During the 2021 pandemic, his body fully collapsed. In the last few weeks of declining health, his weight fluctuated around 600 pounds, his chronic lung problems causing discomfort.
“That’s when things really started to deteriorate, and I gained about 84 pounds of fluid in three weeks,” he said. “I swelled to over 700 pounds, unable to move, unable to breathe.”
In a last-ditch effort, inspired by the ketogenic diet, he prayed to God and prepared to start a meat-based diet. He took the step in 2022, becoming a carnivore, consuming only animal products. He said God led him here.
“I only drink water or soda. I only eat eggs, bacon, beef, lamb, butter, salt, and vinegar,” Bockness explained, outlining his strict carnivorous diet. He ate one to two meals a day for 84 hours a week, fasting for the remaining hours to burn stored fat for nutrients.
A pure meat diet was no easy feat. Six months later, he had shed 205 pounds, mostly inflammatory fluids. All his symptoms quickly disappeared. His heart rate decreased from 107 beats per minute to 68. His severely swollen shins healed. When interviewed, he had lost 270 pounds, weighing around 450 pounds.
Most importantly, his cravings for food diminished. He was liberated.
However, doctors viewed him disapprovingly.

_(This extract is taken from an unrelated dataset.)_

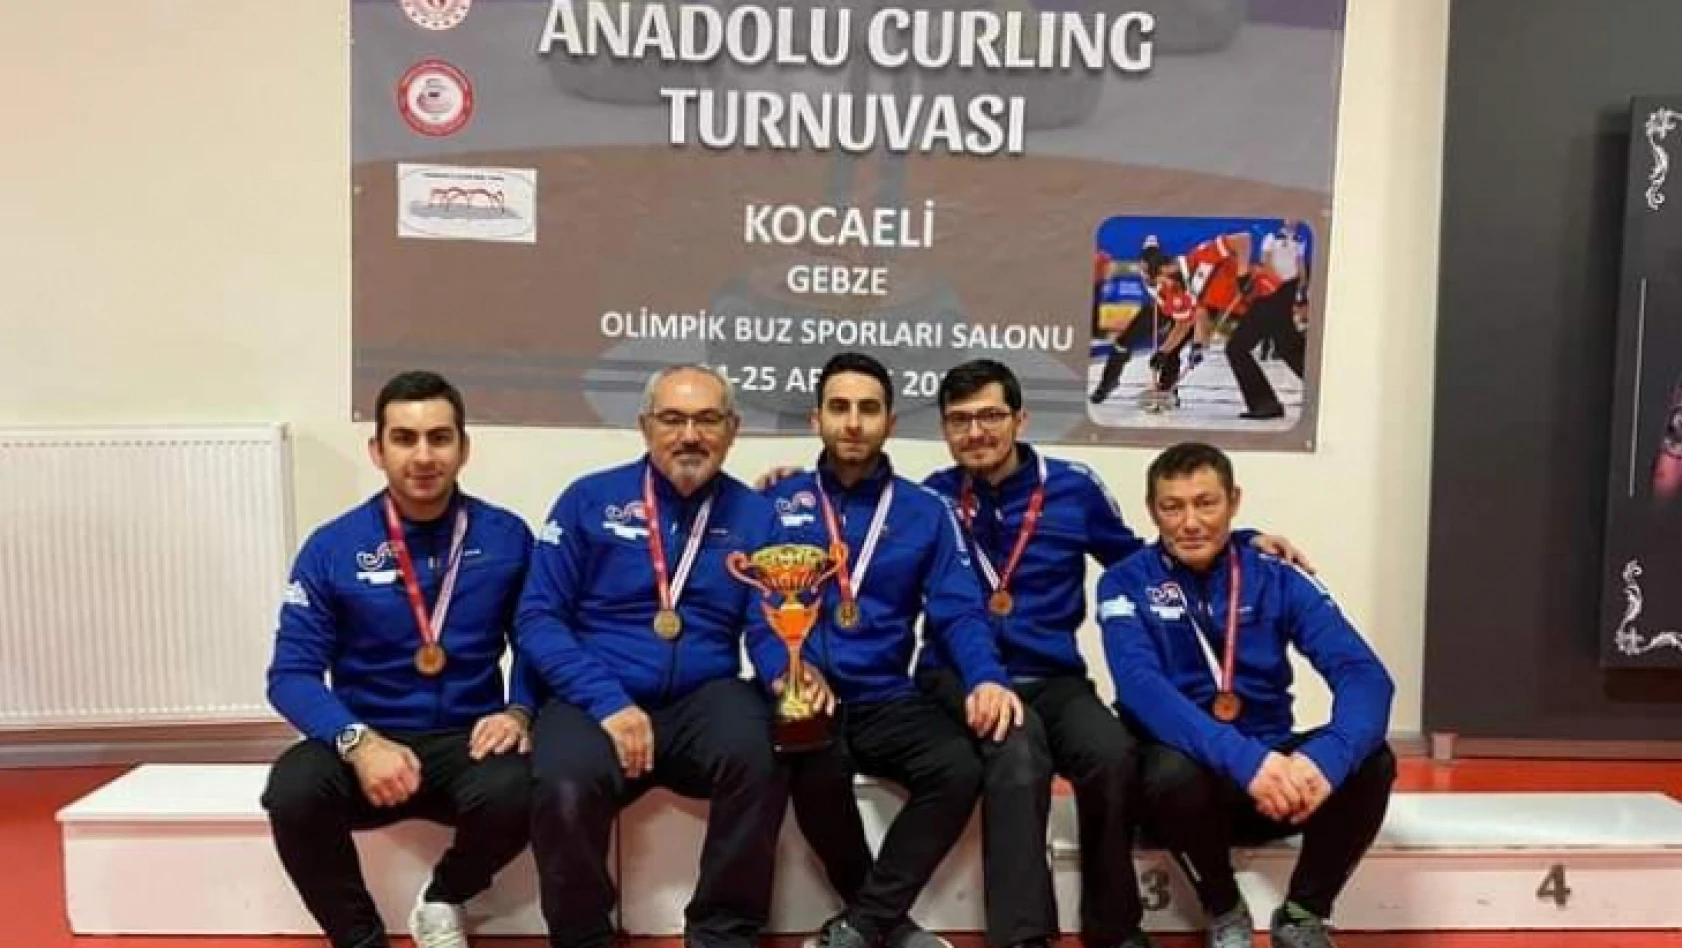 Anadolu Curling Turnuvası ilimizde yapıldı

Mr. Bockness continued to advocate for a meat-based diet. Despite research from the World Health Organization suggesting that red meat may cause cancer and other criticisms, he pointed out doctors who dare to risk their careers support eating meat, and only meat.
While a WHO study suggested a link between red meat consumption and pancreatic and prostate cancer, Dr. Ken Berry, a meat-based diet advocate, clarified in a YouTube video that these were the weakest types of studies, as causal connections couldn’t be definitively proven from epidemiological studies.
“You can say, ‘This looks highly correlated, this looks like it’s causing this,'” Dr. Berry said. “But you can never definitively prove cause and effect from this type of study, an observational study.”
He gave an example: Nicolas Cage movies.
“A study showed that every time a new Nicolas Cage movie came out, there was an increase in family swimming pool drownings,” he said. “That’s absurd, right? Clearly, Nicolas Cage isn’t responsible for these people dying in their own pools, but you can prove that correlation, but that doesn’t mean there’s causation.”
He mentioned hundreds of such refutation studies by scientists.
Dr. Berry shared two large studies contradicting the WHO: one on colon polyps and another on women’s health advocacy, both finding significantly lower cancer rates for red meat eaters.
“I have a lot of respect for those doctors,” Bockness told the newspaper, now wanting to support meat-based diets by sharing his journey.
“I don’t think my doctor wants to kill me,” he said. “I think the medical school, Vanguard, and all these pharmaceutical companies fund these epidemiological studies.”
In dissecting food conspiracies, he emphasized the so-called “fat-shaming” that breeds paranoia. He called it “brainwashing propaganda.”
Striving to reach 280 pounds, he lamented to others still suffering, “You have the right to your weight, and you should be proud of your body.”
“In Christian culture, we don’t hate cancer patients,” he said. “We hate cancer because it killed our brothers and sisters.”
He added, “I hate obesity because it kills our brothers and sisters.”